There is a negative correlation between triples hit and strikeouts at bat, triples hit and homeruns hit, triples hit and homeruns allowed, homeruns hit and errors, and homeruns allowed and errors.
The variables that were most correlated with each other are homeruns hit and homeruns allowed as well as strikeouts at bat and strikeouts by pitchers. This is a surprise, as I would not have expected the number of homeruns a team hit to be related to the number of homeruns a team allowed. Nor would I have expected the number of strikeouts at bat to be related to the number of strikeouts by pitchers for the same team.

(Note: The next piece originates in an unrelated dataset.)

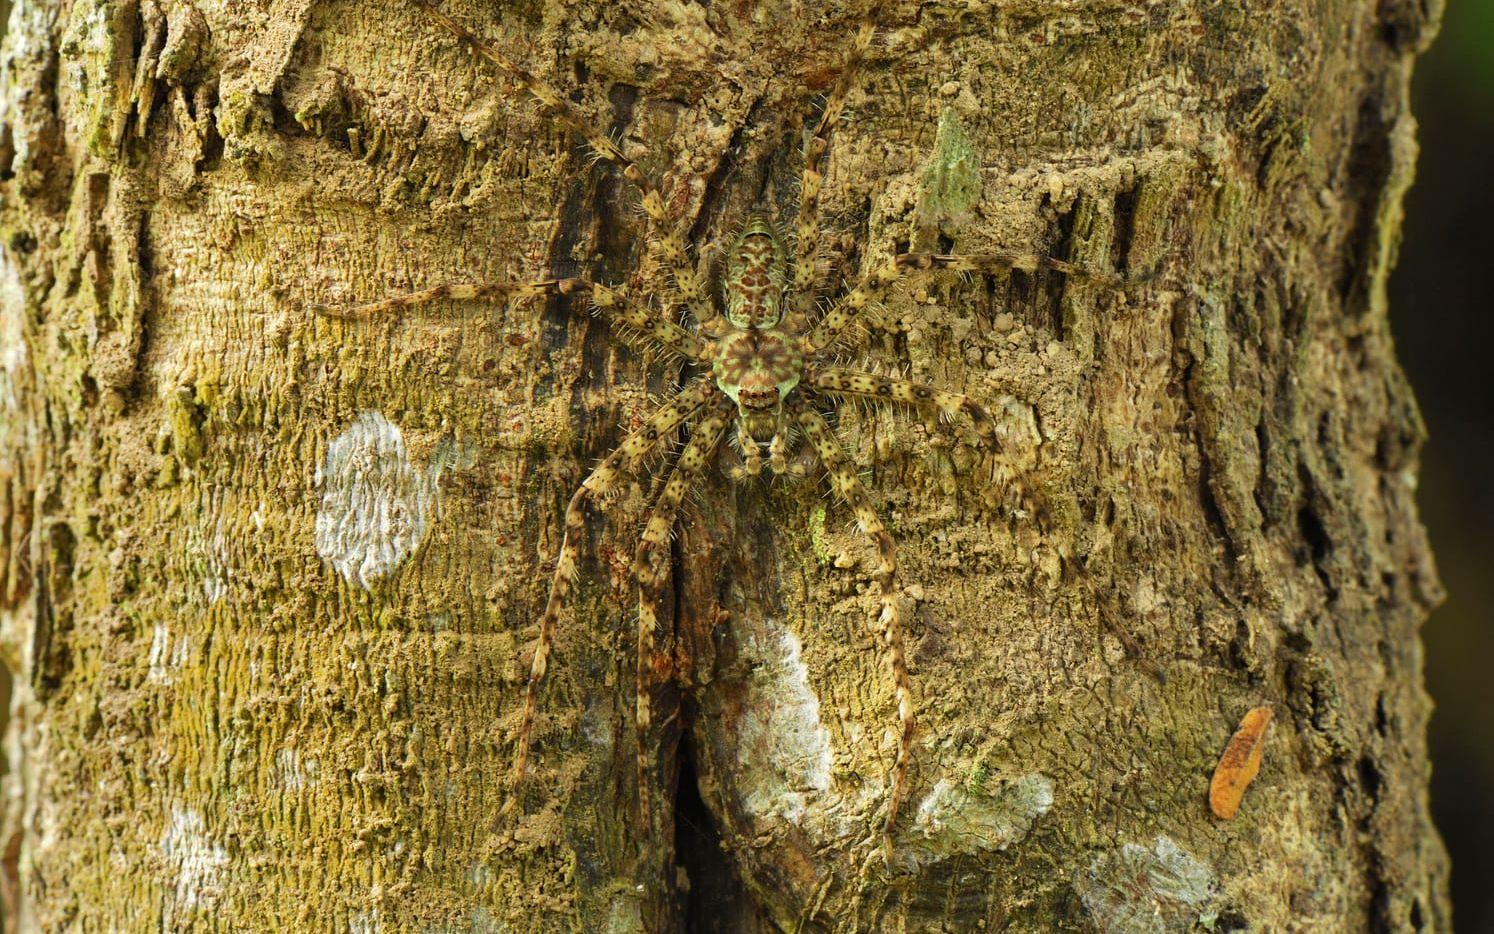 En jättekrabbspindel (Pandercetes gracilis) smälter in mot trädstammen.  Foto: IBL

To address these correlations, I will combine home runs hits and homeruns allowed by adding their values. In this way, the influence of these variabes will be included only once in the regression model.
I will combine the variables for strikeouts at bat and strikeouts by pitchers in the same way. After creating the new values, I will remove the original columns in the data table.
Build Models
Breaking the data set into a training set and a testing set
The data is shuffled randomly. 60% of the data is in the training set and 40% of the data is in the testing set.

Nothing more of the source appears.